"Legal Cheating" in the Wall Street Journal
Posted to Digital Humanities: Theory & Practice on 22 January 2006, 10:03 PM EST
The surprise is that it is actually occurring in the more rigorous and elite public and private schools, and they are allowing students to bring Internet-enabled devices into the exam room. Moreover, they are backed not by liberal education professors but by institutions such as the Bill and Melinda Gates Foundation and pragmatic observers of the information economy. As the WSJ (as well as Roy and I) point out, their argument parallels that of the introduction of calculators into mathematics education in the 1980s, eventually leading to the inclusion of these formerly taboo devices on the SATs in 1994, a move that few have since criticized. Today, if one of the main tools workers use in a digital age is the Internet, why not include it in test-taking? After all, asserts M.I.T. economist Frank Levy, it's more important to locate and piece together information about the World Bank than to know when it was founded. "This is the way the world works," Harvard Director of Admissions Marlyn McGrath commonsensically notes.
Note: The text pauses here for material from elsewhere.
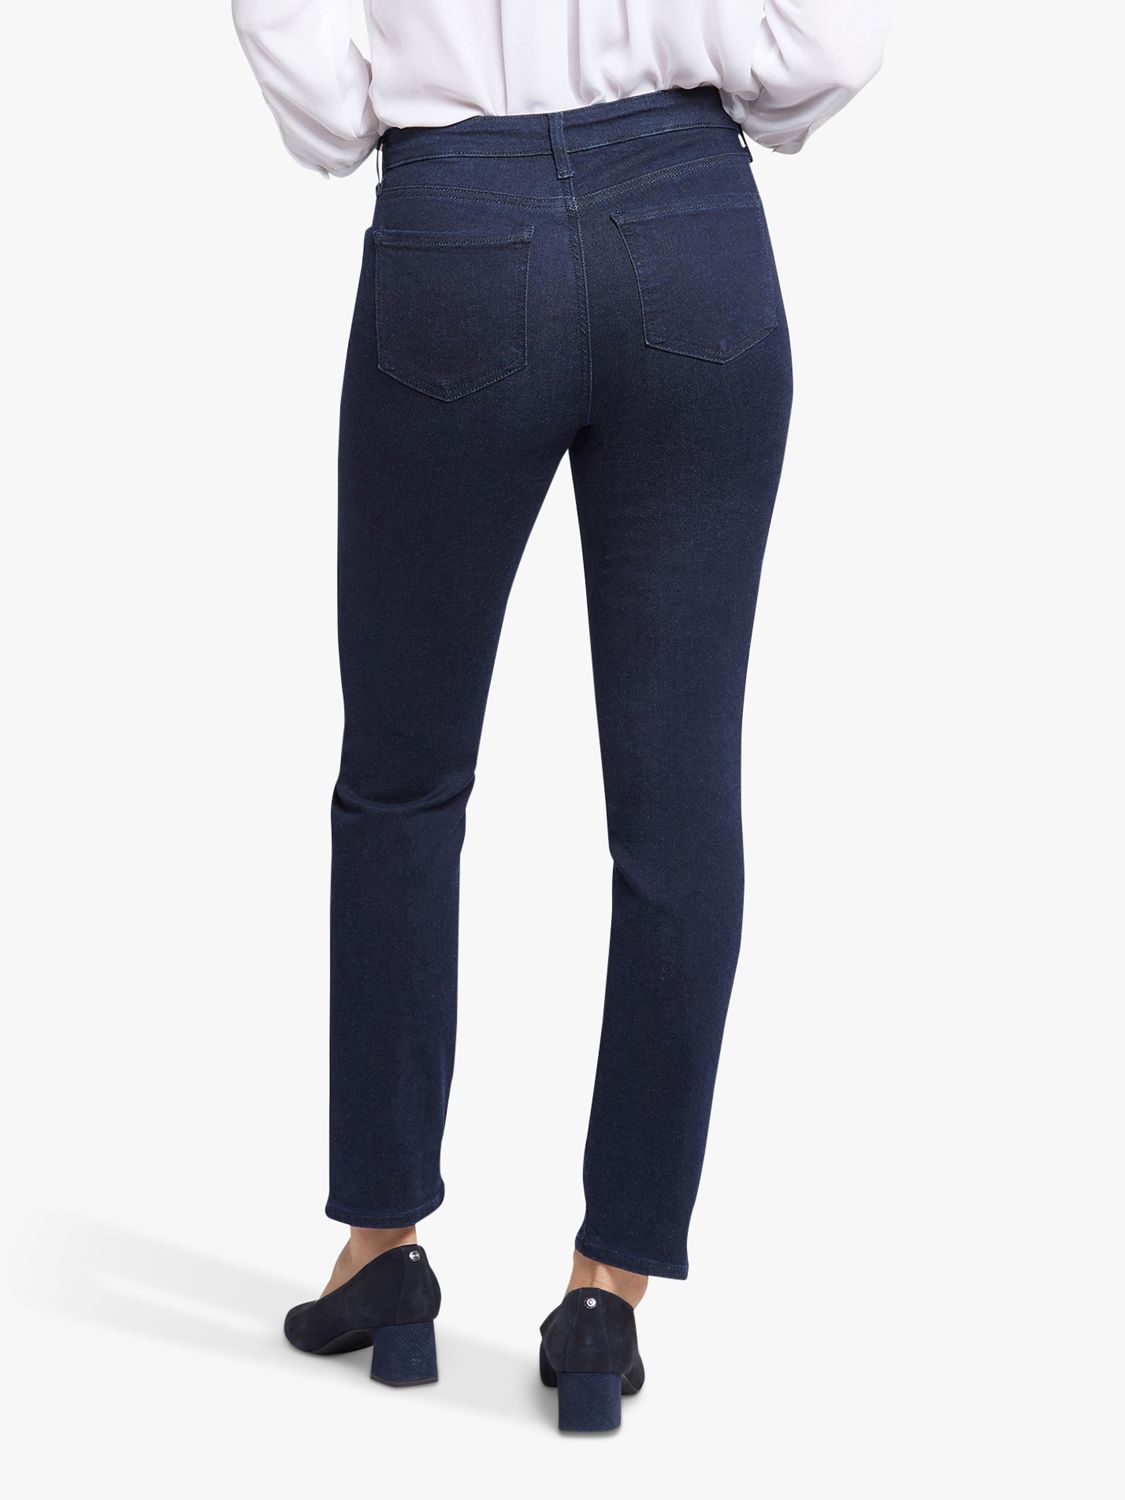 NYDJ Sheri Slim Leg Jeans, Rinse at John Lewis & Partners
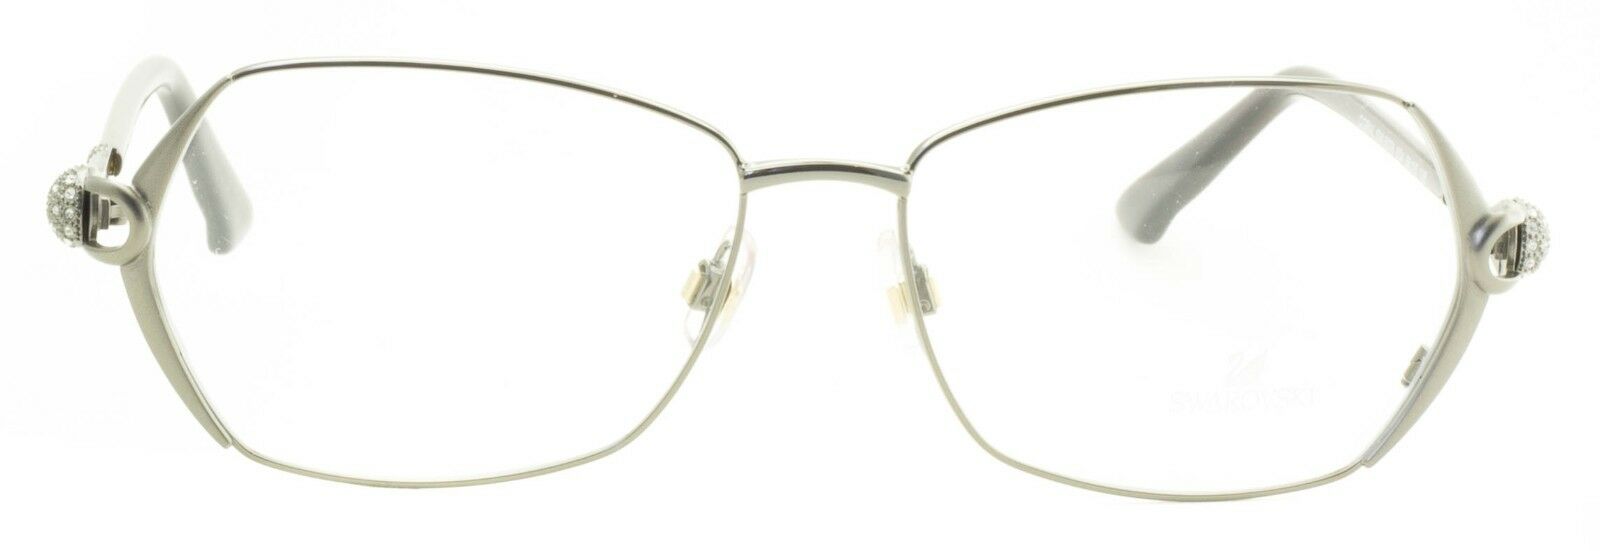 SWAROVSKI CORAL SW 5078 034 Eyewear FRAMES RX Optical Glasses Eyeglasses - Italy

Of course, the bigger question, only partially addressed by the WSJ article, is how the use of these devices will change instruction in fields such as history. From elementary through high school, such instruction has often been filled with the rote memorization of dates and facts, which are easily testable (and rapidly graded) on multiple-choice forms. But we should remember that the multiple-choice test is only a century old; there have been, and there will surely be again, more instructive ways to teach and test such rich disciplines as history, literature, and philosophy.